#### EXERCISE BRIEF
Could the data below please be reproduced word for word, without the pictures?

──────── SUPPLIED INFORMATION ────────

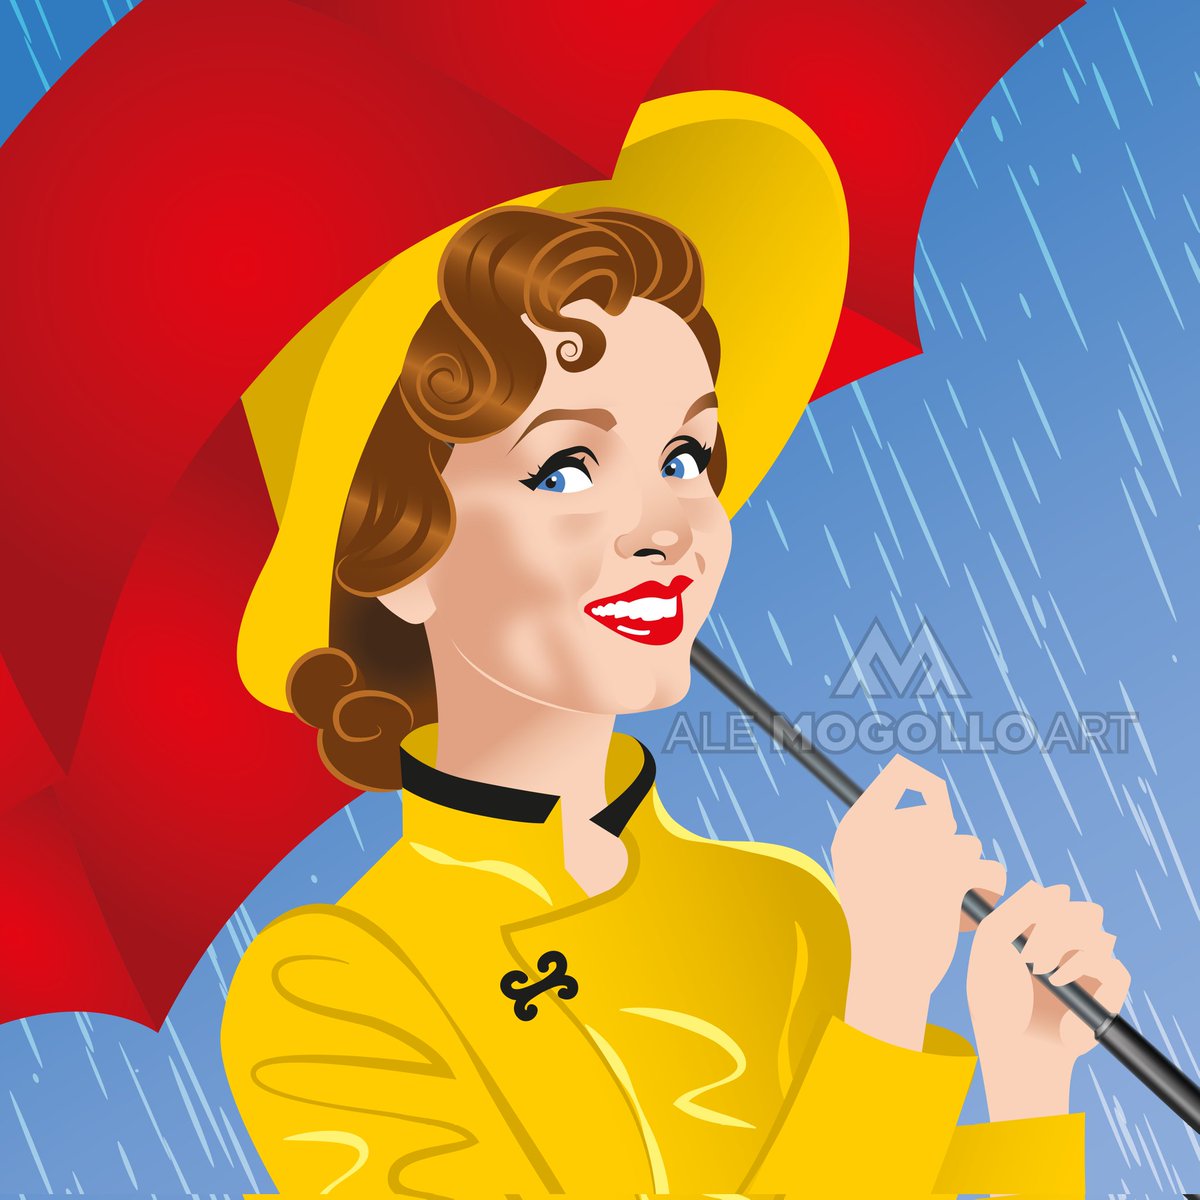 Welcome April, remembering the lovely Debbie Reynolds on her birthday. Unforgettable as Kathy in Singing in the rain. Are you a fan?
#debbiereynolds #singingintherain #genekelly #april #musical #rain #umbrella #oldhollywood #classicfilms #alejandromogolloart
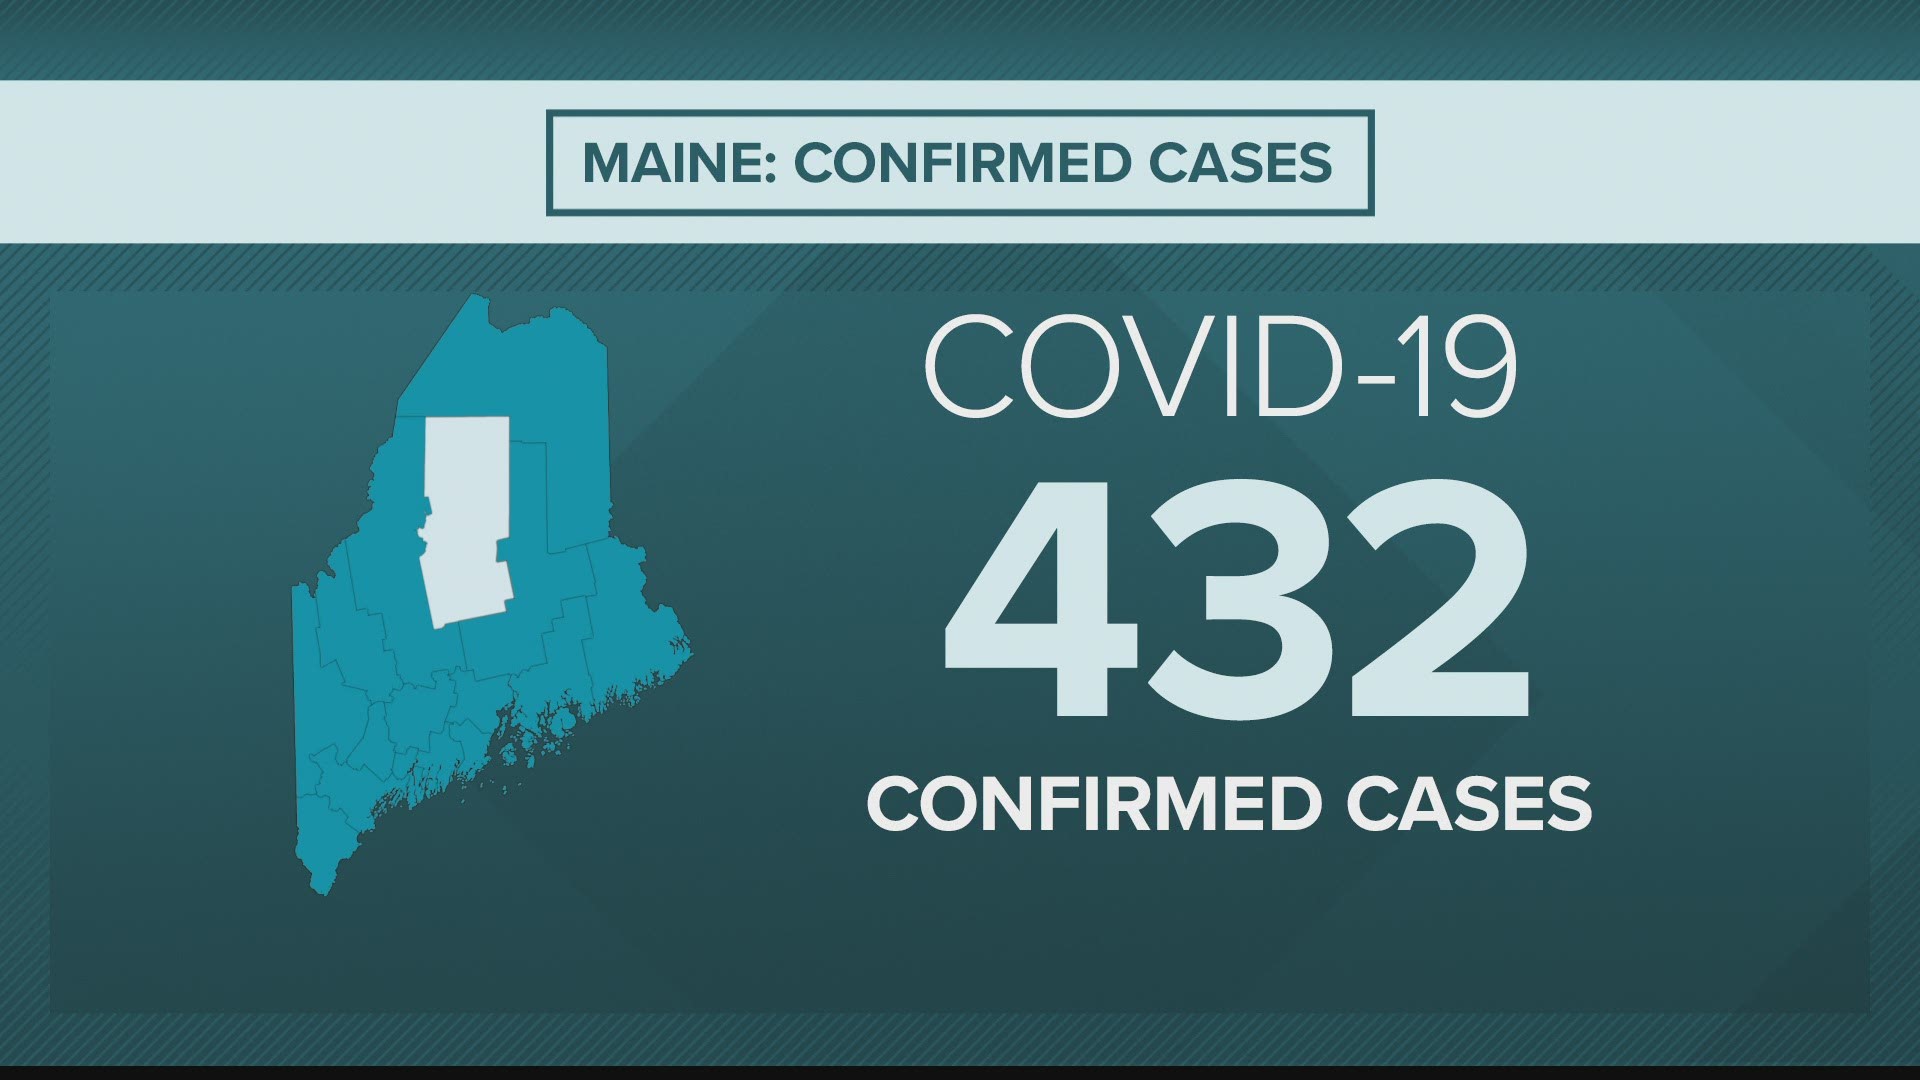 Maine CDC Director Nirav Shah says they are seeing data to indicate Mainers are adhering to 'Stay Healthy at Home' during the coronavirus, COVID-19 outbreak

────────

#### RESPONSE TO THE TASK
 Welcome April, remembering the lovely Debbie Reynolds on her birthday. Unforgettable as Kathy in Singing in the rain. Are you a fan?
#debbiereynolds #singingintherain #genekelly #april #musical #rain #umbrella #oldhollywood #classicfilms #alejandromogolloart
 Maine CDC Director Nirav Shah says they are seeing data to indicate Mainers are adhering to 'Stay Healthy at Home' during the coronavirus, COVID-19 outbreak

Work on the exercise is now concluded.